Global topologies of Reeb spaces of stable fold maps with non-trivial top homology groups

TL;DR

This paper investigates the global topologies of Reeb spaces of stable fold maps, demonstrating the existence of maps with Reeb spaces having non-trivial top homology groups and exploring their (co)homology structures.

Contribution

The paper introduces new families of stable fold maps with Reeb spaces exhibiting non-trivial top homology, extending previous constructions to more generalized cases.

Findings

Reeb spaces can have non-trivial top homology groups.

Constructed explicit examples of stable fold maps with complex Reeb space topologies.

Analyzed (co)homology rings of these Reeb spaces.

Abstract

The Reeb space of a continuous map is the space of all (elements representing) connected components of preimages endowed with the quotient topology induced from the natural equivalence relation on the domain. These objects are strong tools in (differential) topological theory of Morse functions, fold maps, which are their higher dimensional variants, and so on: they are in general polyhedra whose dimensions are same as those of the targets. In suitable cases Reeb spaces inherit topological information such as homology groups, cohomology rings, and so on, of the manifolds. This presents the following problem: what are global topologies of Reeb spaces of these smooth maps of suitable classes like?

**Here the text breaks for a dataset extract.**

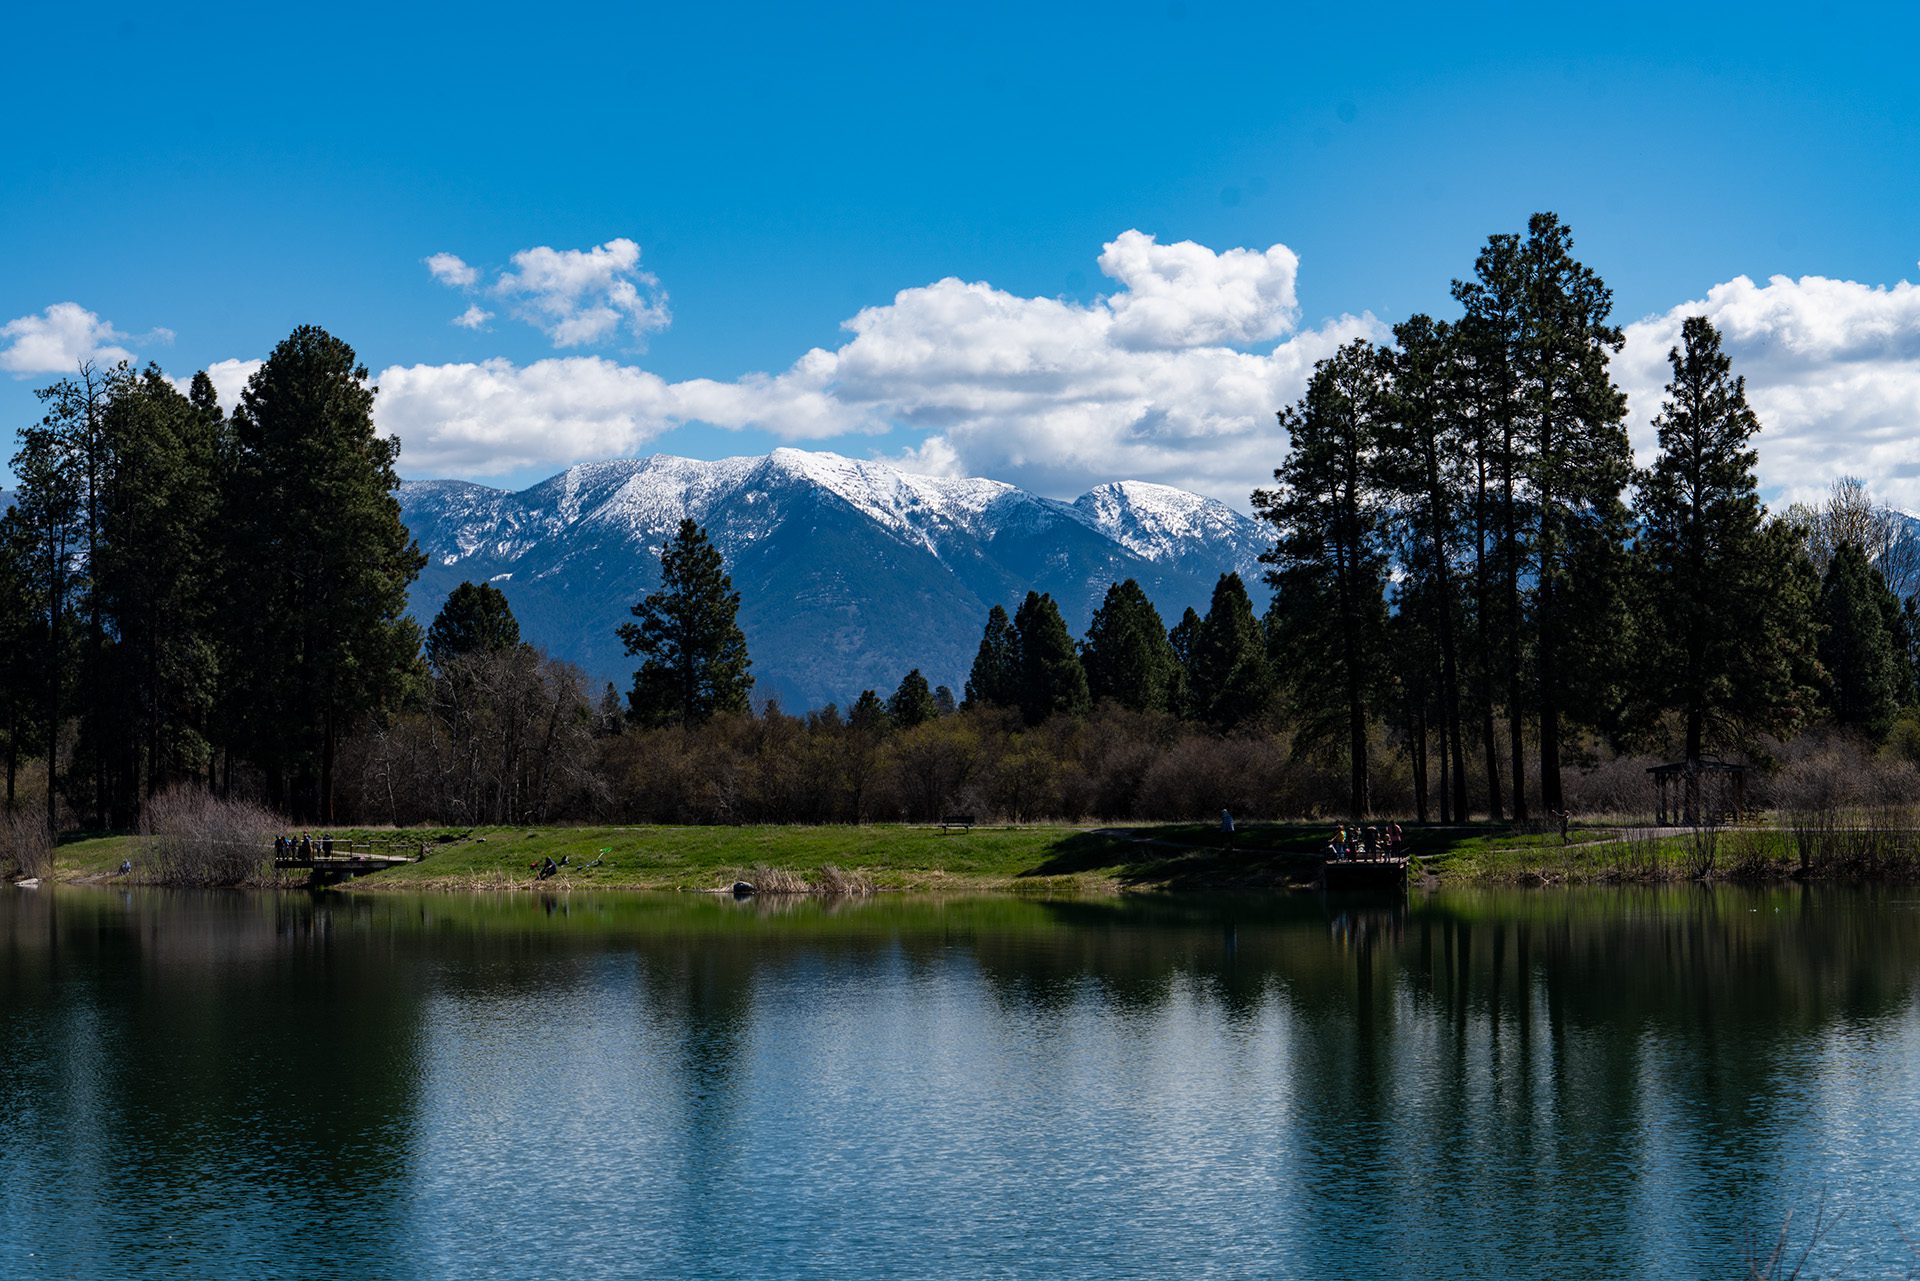 Spring in the Flathead Valley
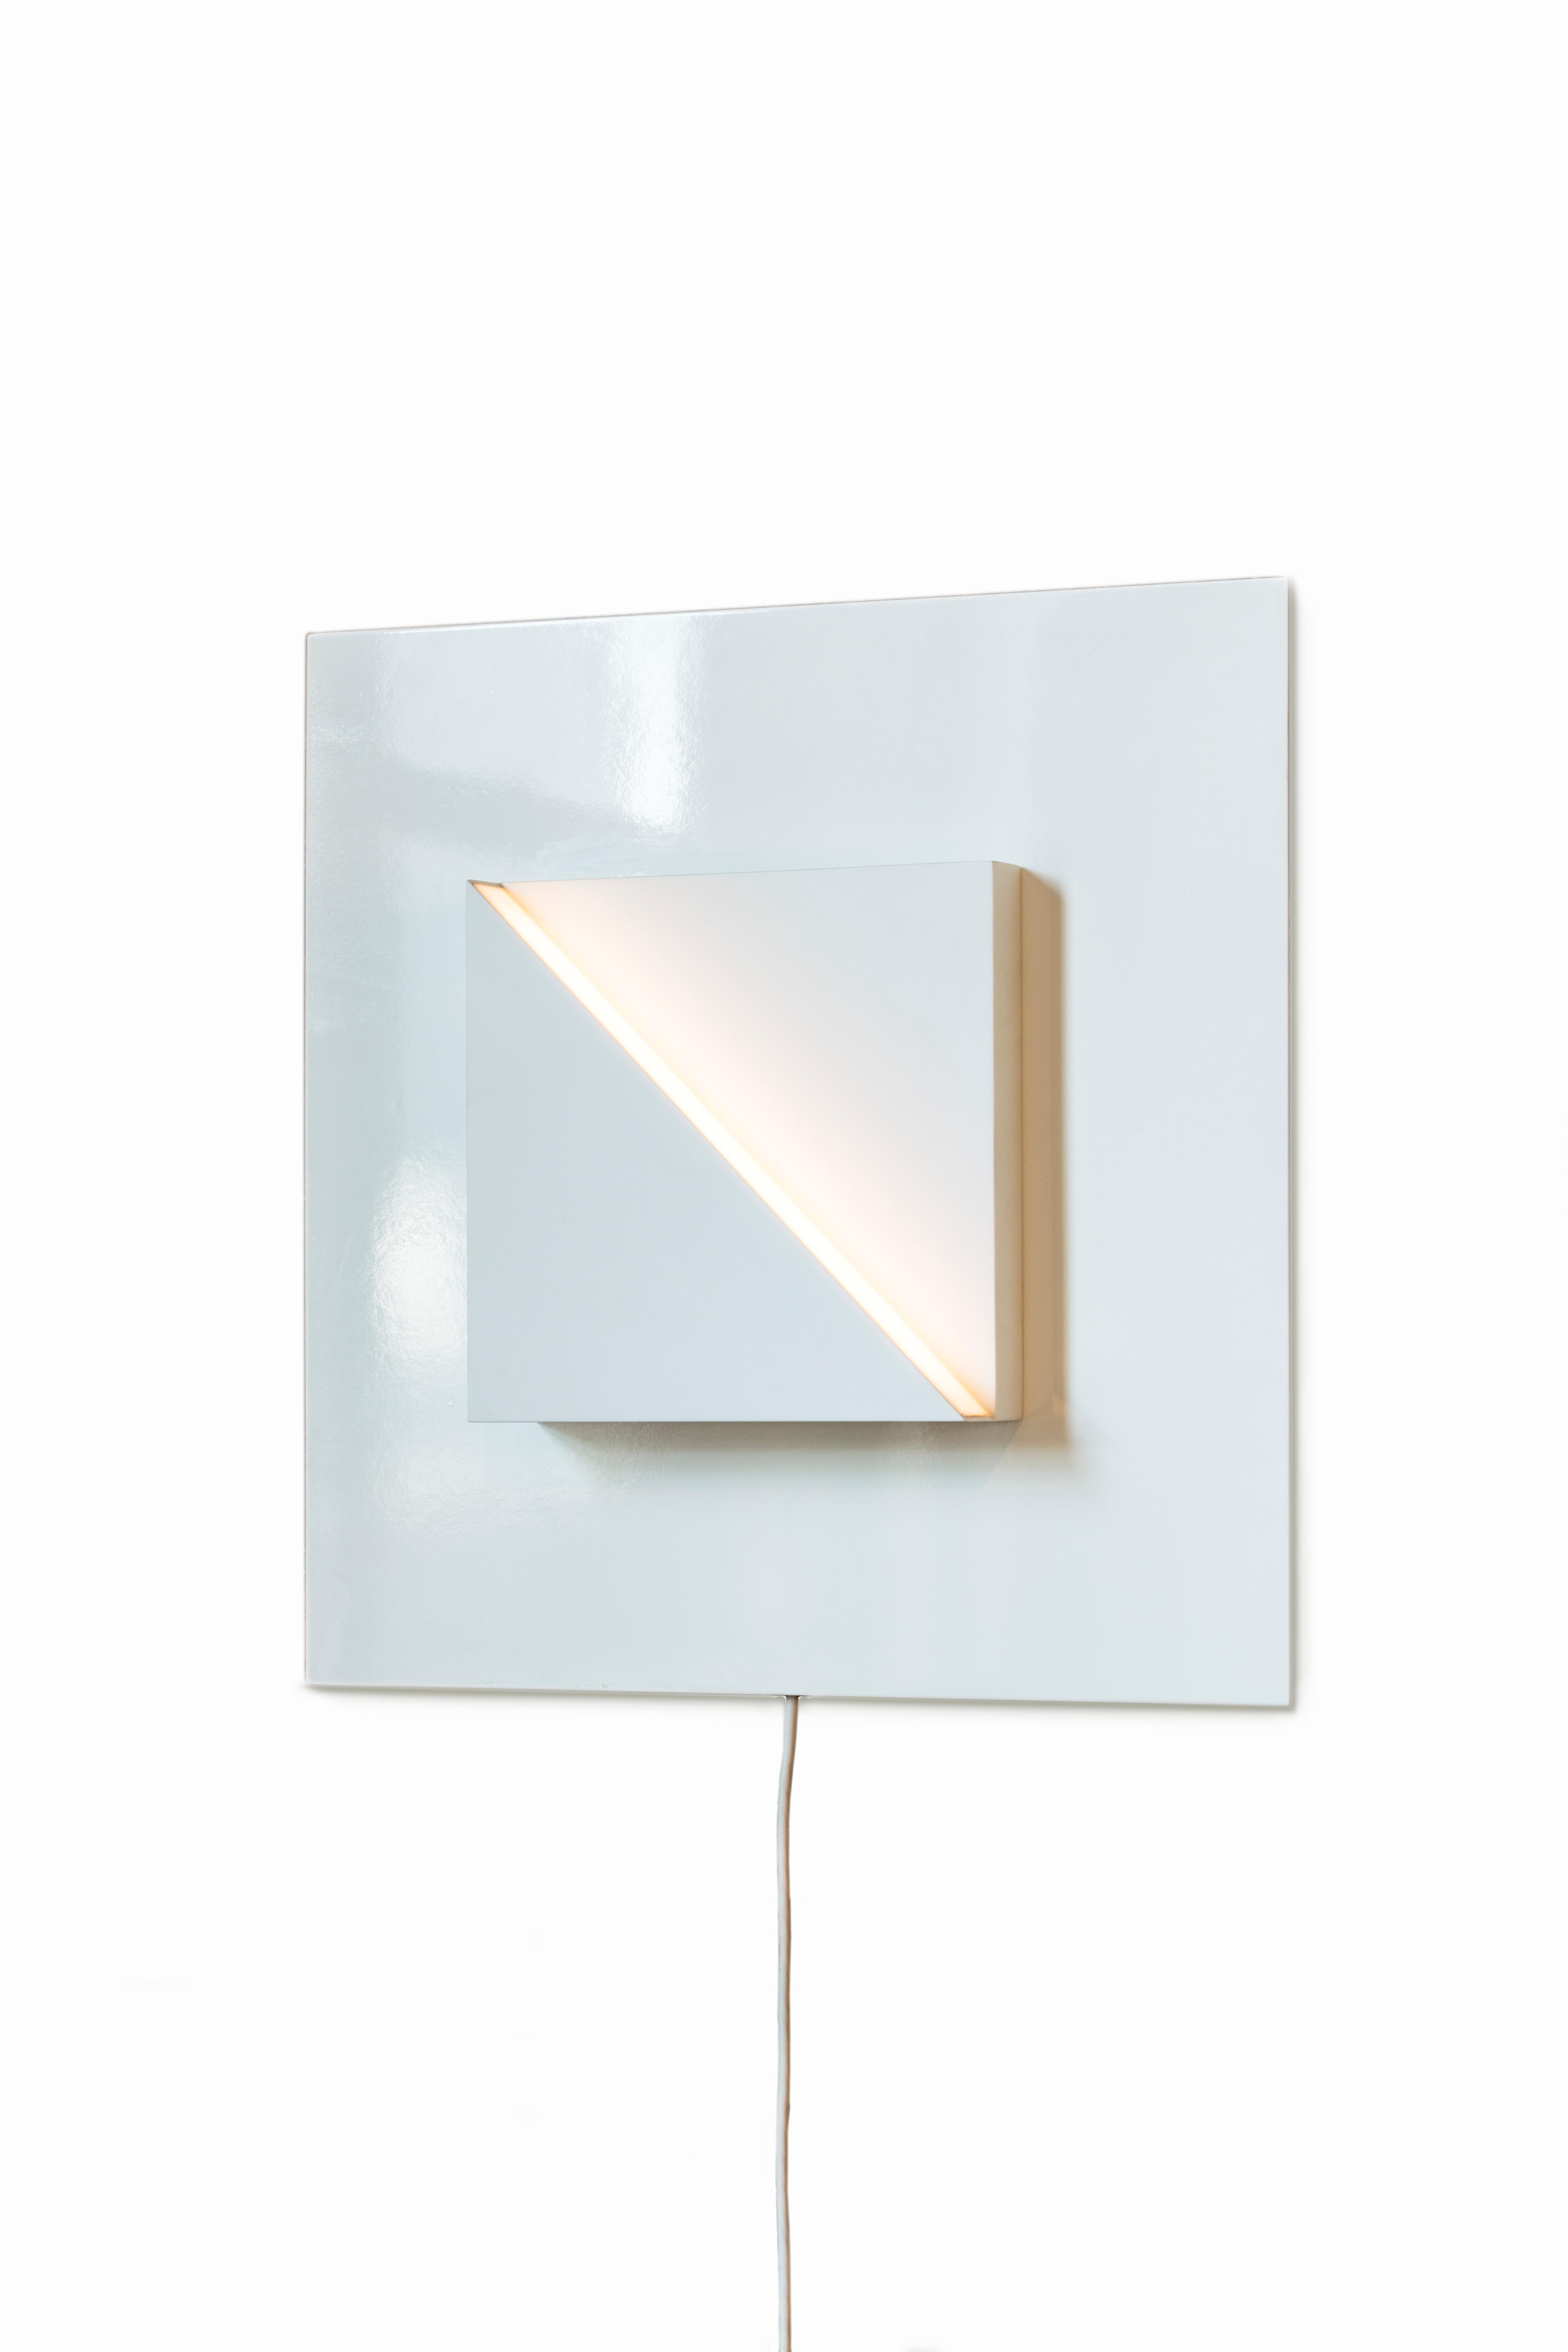 Part of the Cycladic Series, exploring the power of architecture brought to small scale. The framed square sconce illuminates the purity, symbolism and intimate power of elemental geometric forms expressed in both nature and our manmade world. A

The present paper presents families of stable fold maps having Reeb spaces with non-trivial top homology groups with their (co)homology groups (and rings). Related studies on the global topologies from the viewpoints of the singularity theory of differentiable maps and differential topology have been presented by various researchers including the author. The author previously constructed families of fold maps with Reeb spaces with non-trivial top homology groups and with good topological properties. This paper presents new families, especially, generalized situations of some known situations.